What HNSW actually does to your cache
When you serve queries against an HNSW index that exceeds your buffer cache, where does the cache pressure actually fall? Which levels miss, how often, and which graph traversal patterns are pathological?
- hardware
- TBD — target: Intel Xeon Platinum 8480+ (Sapphire Rapids) and AMD EPYC 9654 (Genoa) for cross-uarch validation
- kernel
- Linux 6.18 LTS, vanilla; THP madvise
- compiler
- clang 19, -O3 -march=native -mavx2
- dataset
- hnswlib (reference) + FAISS HNSW (production validation); SIFT-1M academic + 768-dim synthetic corpus to match modern RAG embeddings
TL;DR
HNSW’s runtime cost, once the index stops fitting in last-level cache, is dominated by pointer-chasing on graph descent — not distance math. Cache miss rates on the lower layers spike exponentially past the L3 cliff, and the “vector hangover” that 2026 RAG teams are hitting is a second-order effect of graph metadata blowing working-set budget.

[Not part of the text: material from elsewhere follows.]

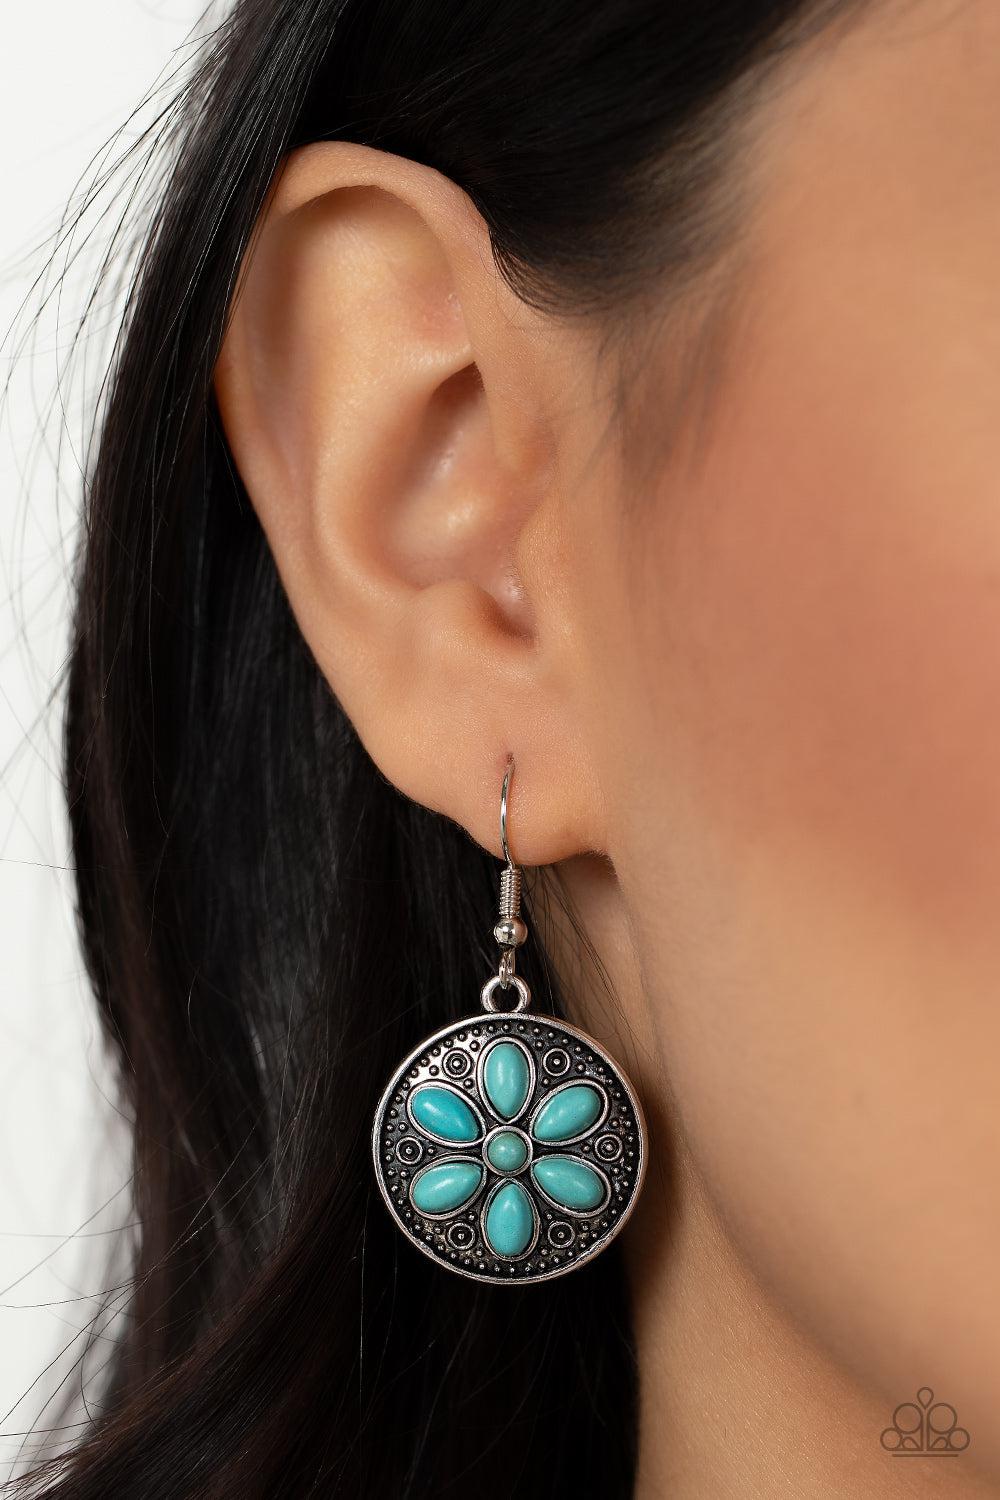 Saguaro Spring Turquoise Blue Stone Flower Earrings - Paparazzi Accessories-on model - CarasShop.com - $5 Jewelry by Cara Jewels

This post shows the miss profile directly, using perf c2c and hardware counters.
Methodology
| Field | Value |
|---|---|
| CPU | TBD — target Sapphire Rapids (8480+) and Genoa (EPYC 9654) |
| Microcode | pinned, recorded |
| Kernel | Linux 6.18 LTS, vanilla, THP madvise |
| Compiler | clang 19, -O3 -march=native -mavx2 |
| Dataset | SIFT-1M (academic) + 768-dim synthetic (1M–100M vectors, matches modern embeddings) |
| Index | hnswlib reference + FAISS HNSW validation, M={16, 32}, ef={50, 200} |
| Governor | performance, turbo on |
| Repro | lowlat-ms/lowlat-bench/hnsw-cache-pressure |
The question
- Define “cache pressure” precisely: L1/L2/L3 miss rates, LLC occupancy, prefetcher effectiveness, TLB walks.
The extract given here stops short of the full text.